**EXERCISE DETAILS**
Give the lines again exactly as they appear, from the first line of the listing through the line containing "Canon EOS 2000D", and omit every picture.

**GIVEN DATA**

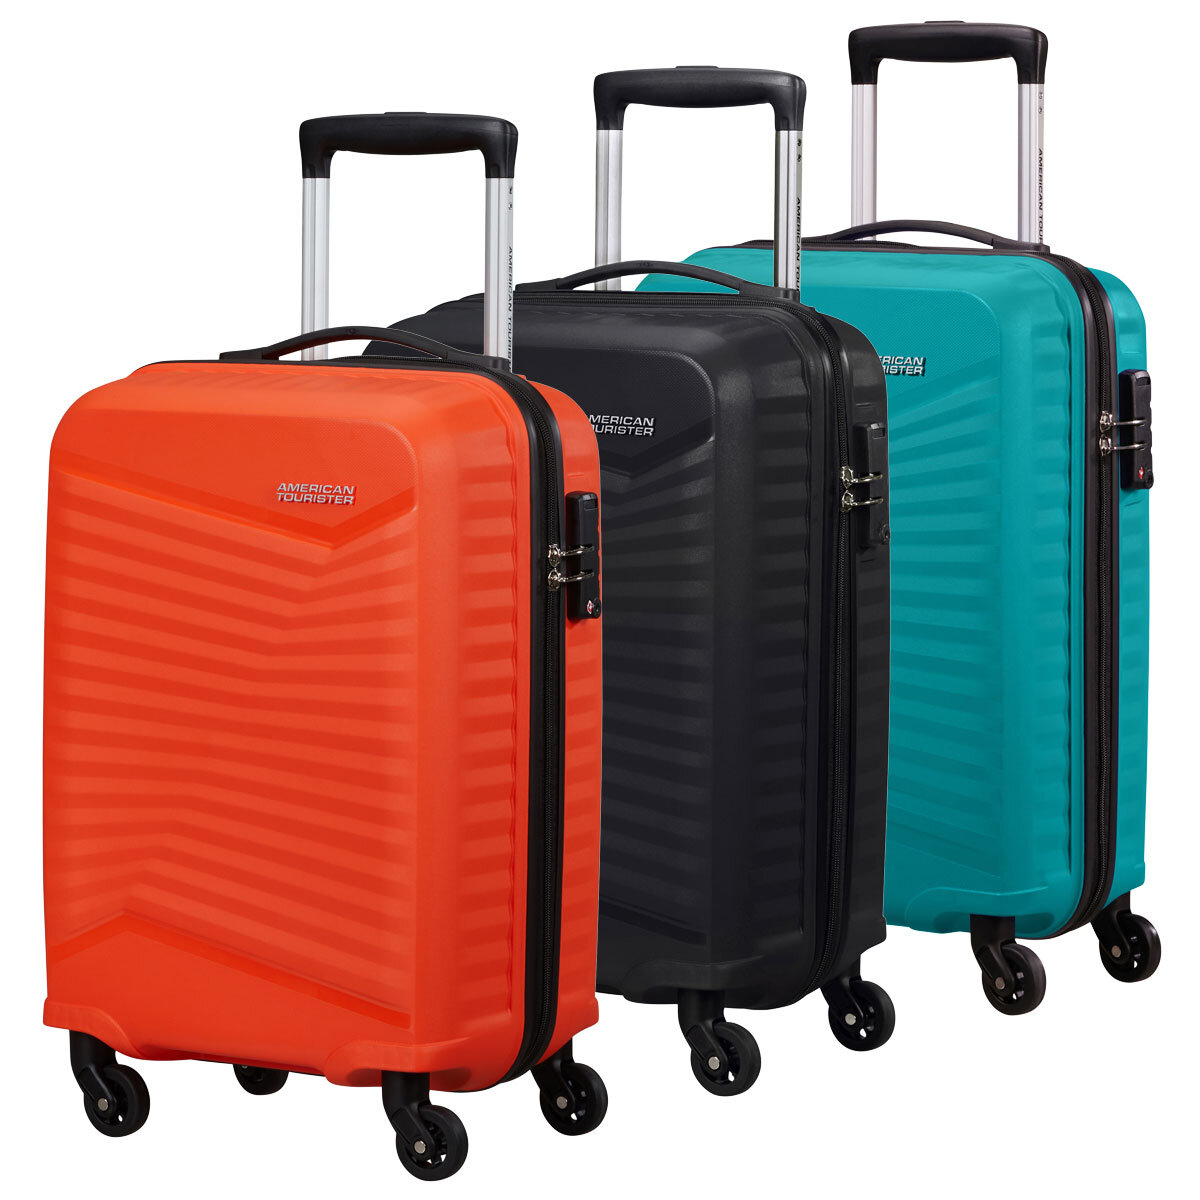 Buy Black Airconic Spinner Cabin (55 cm) Hard Luggage Online at
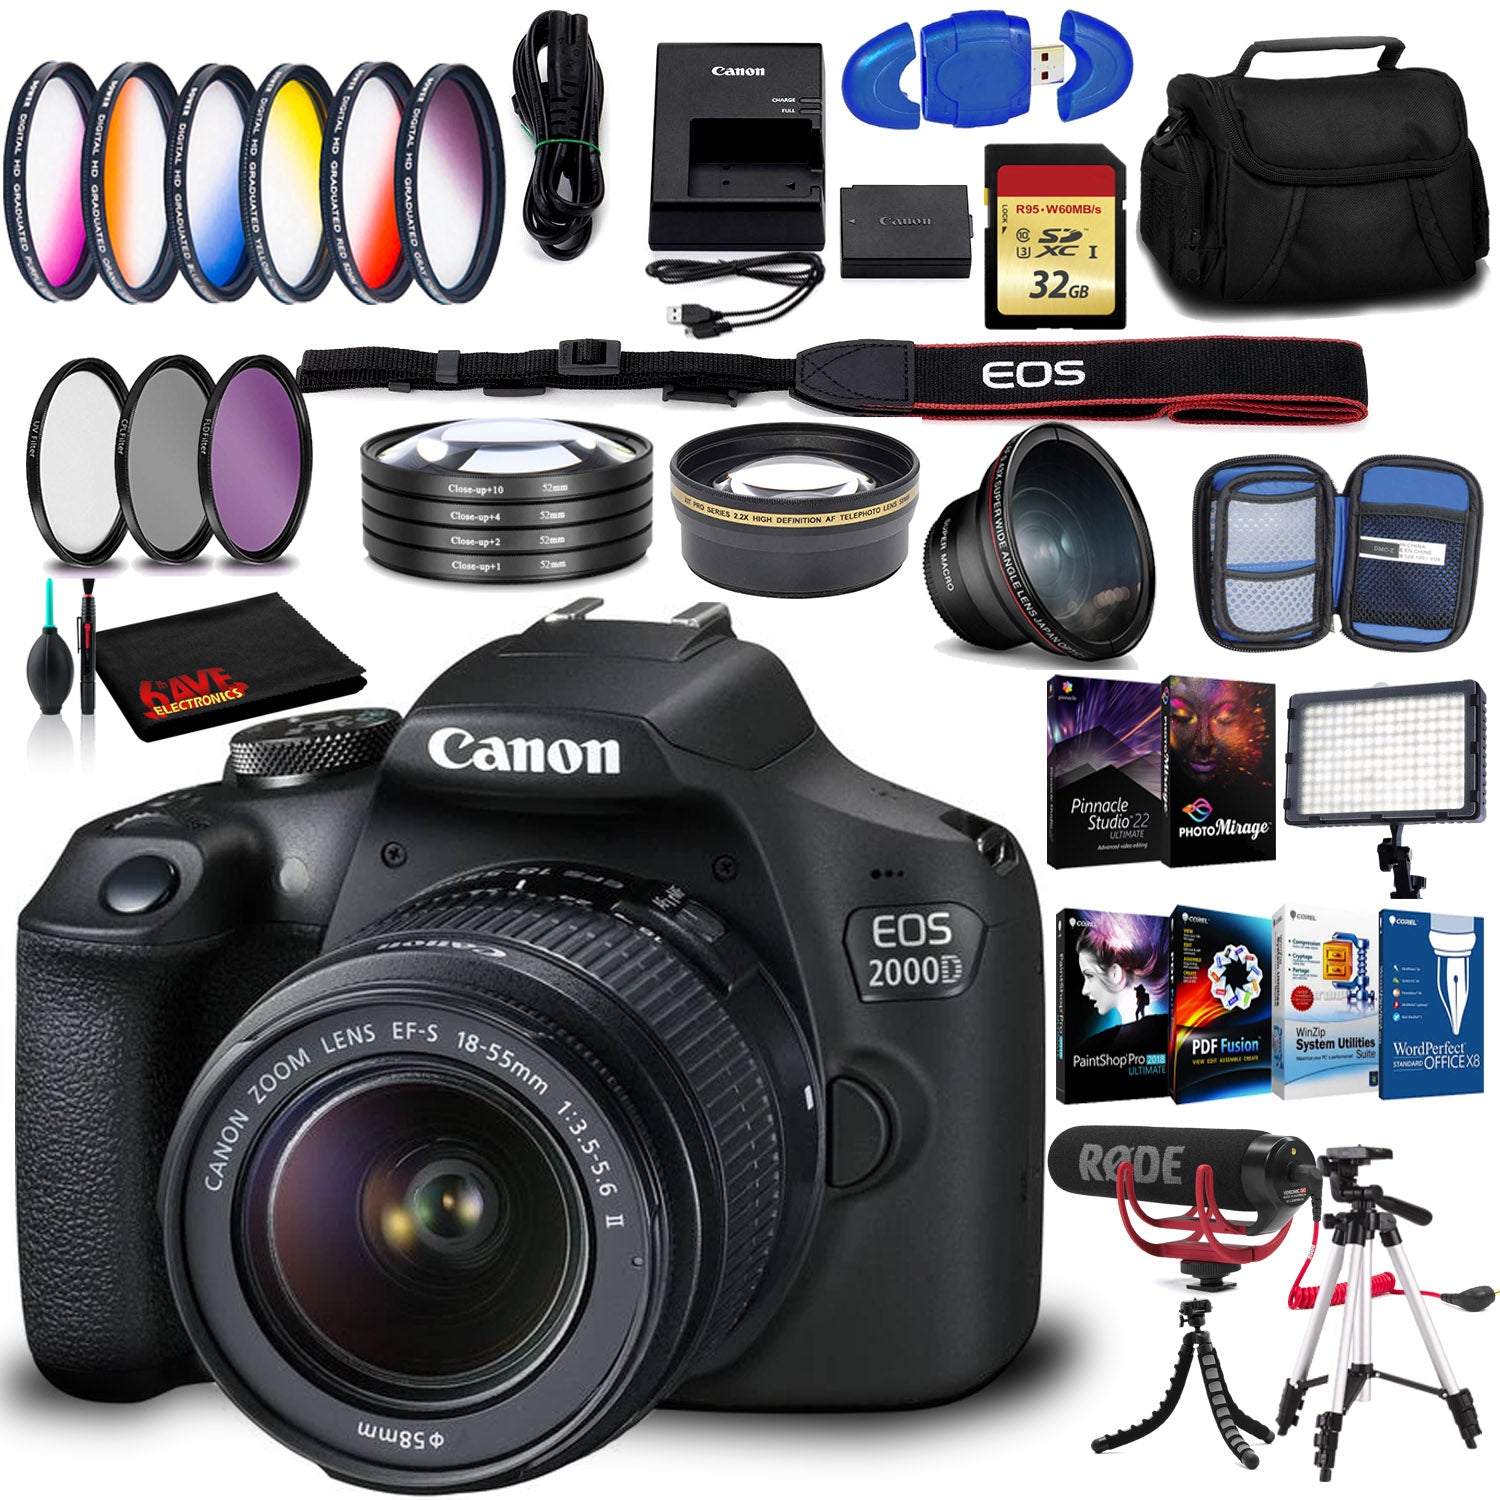 Canon EOS 2000D DSLR with EF-S 18-55mm f/3.5-5.6 IS II Lens (Intl Model) with 32GB Memory Kit, LED Light, Mic, and More
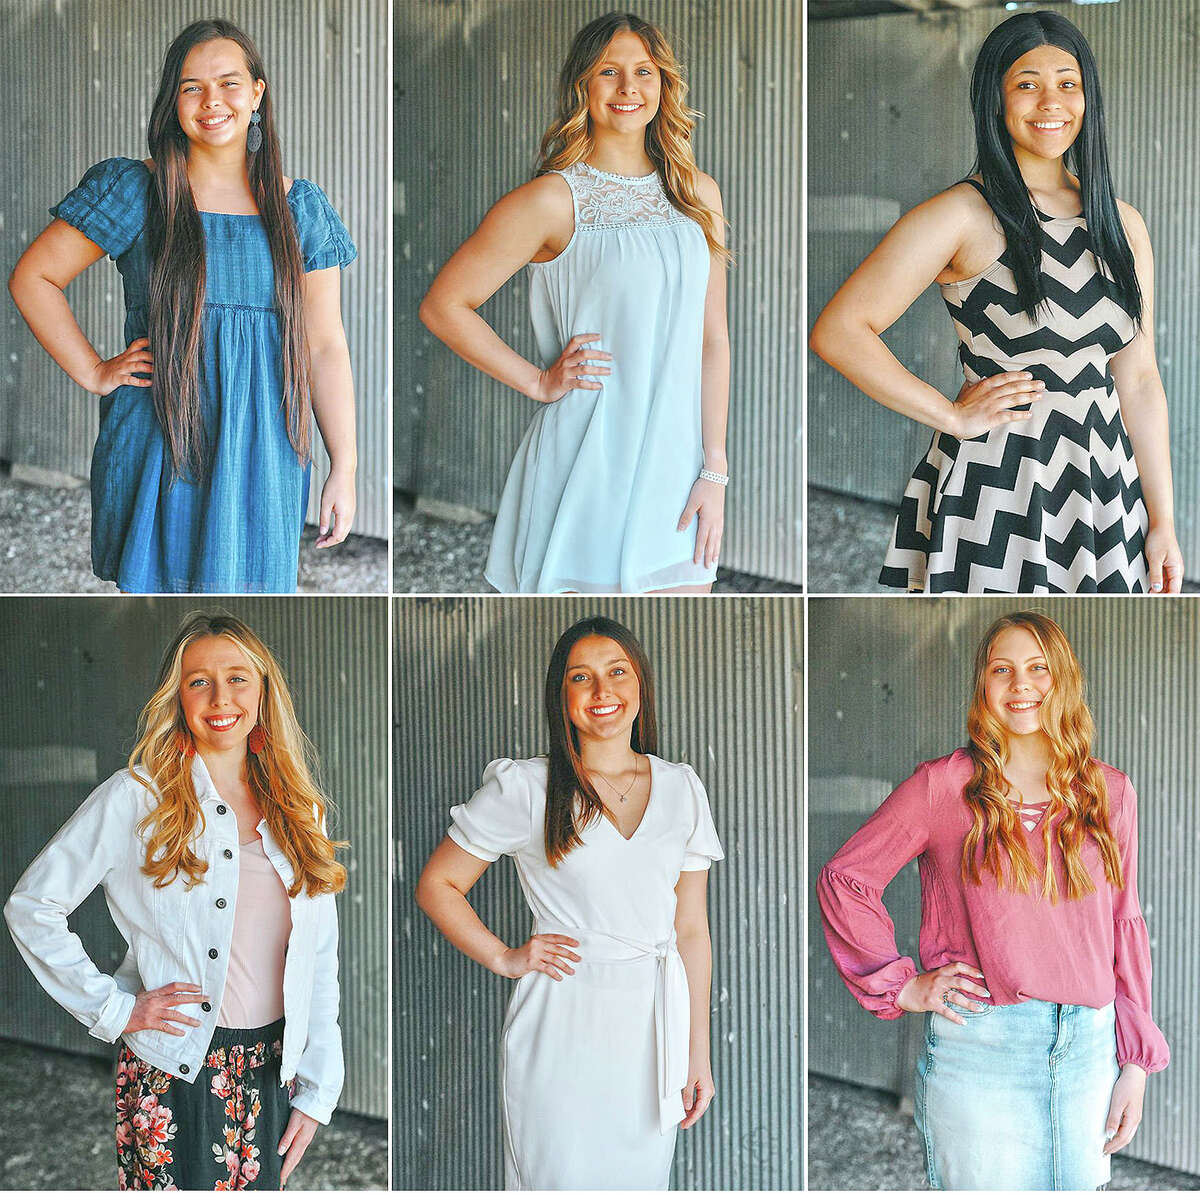 Miss Greene County Fair contestants are Kenleigh Megginson (from top left) of Roodhouse, Kennedy Ruyle of Carrollton, Laekyn Dobson of Roodhouse, Sabrina Crabtree of Hillview, Sarah McEvers of White Hall and Rachel Armold of Greenfield.
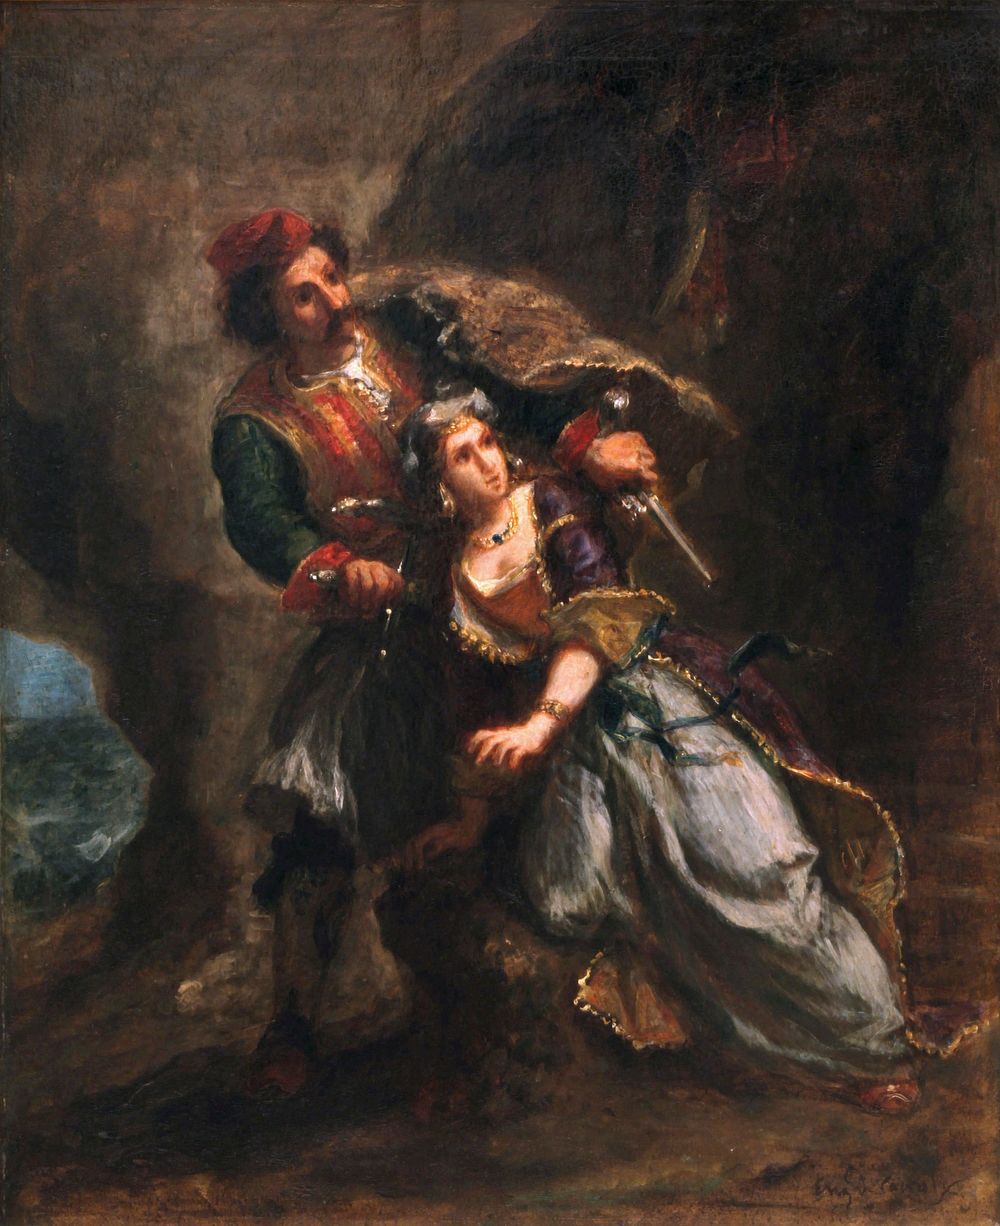 The painting depicts Selim and Zuleika from Lord Byron's poem The Bride of Abydos by Eug&egrave;ne Delacroix
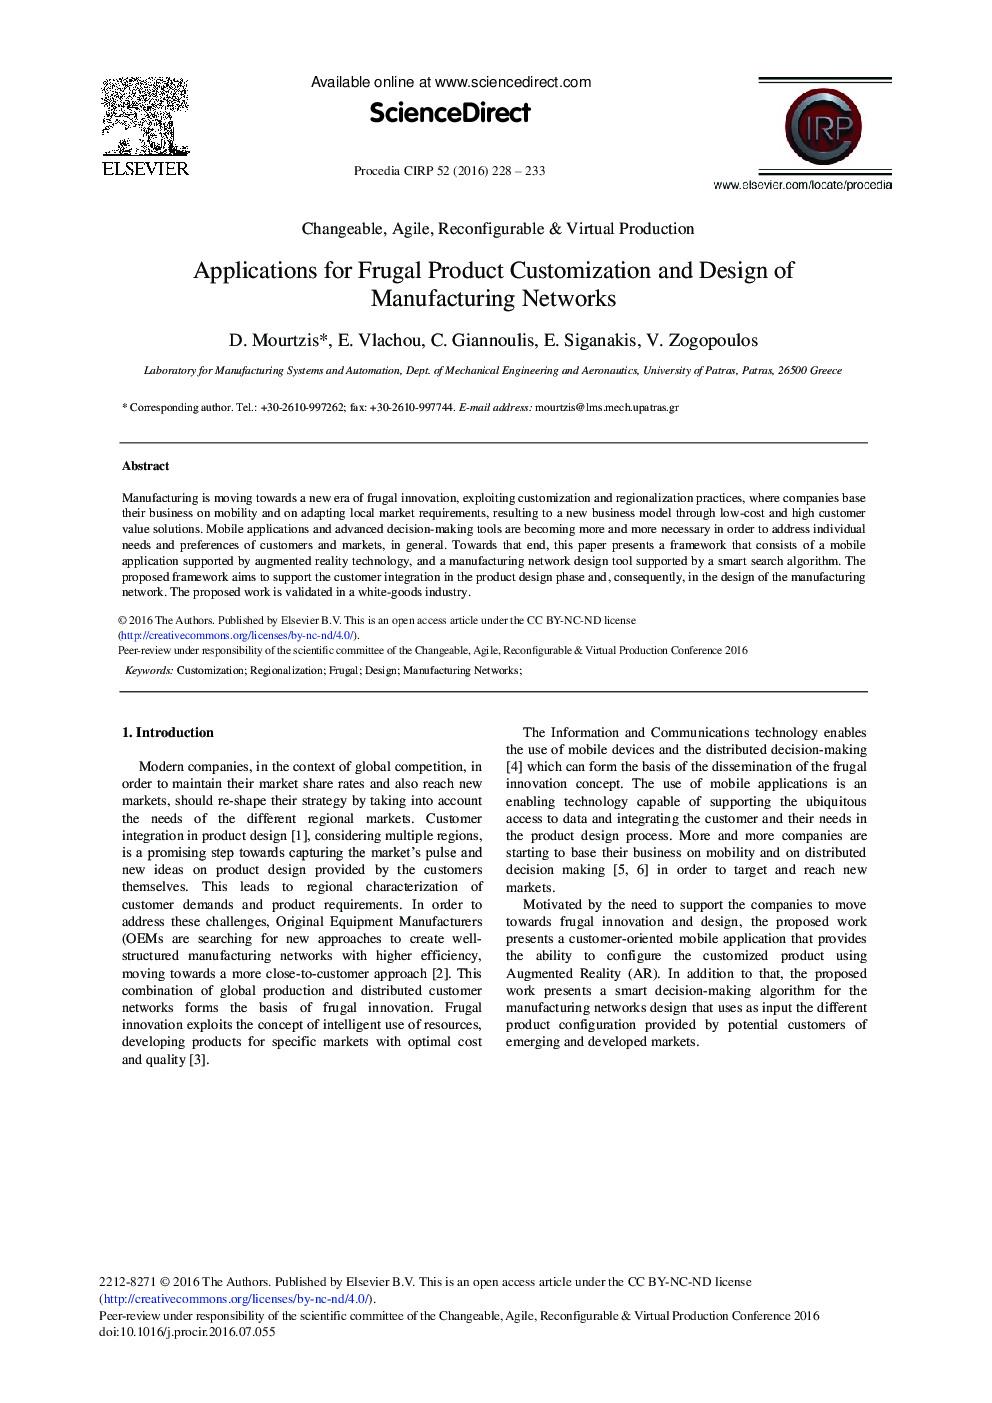 Applications for Frugal Product Customization and Design of Manufacturing Networks

**WRITTEN SOLUTION**
 Buy Black Airconic Spinner Cabin (55 cm) Hard Luggage Online at
 Canon EOS 2000D DSLR with EF-S 18-55mm f/3.5-5.6 IS II Lens (Intl Model) with 32GB Memory Kit, LED Light, Mic, and More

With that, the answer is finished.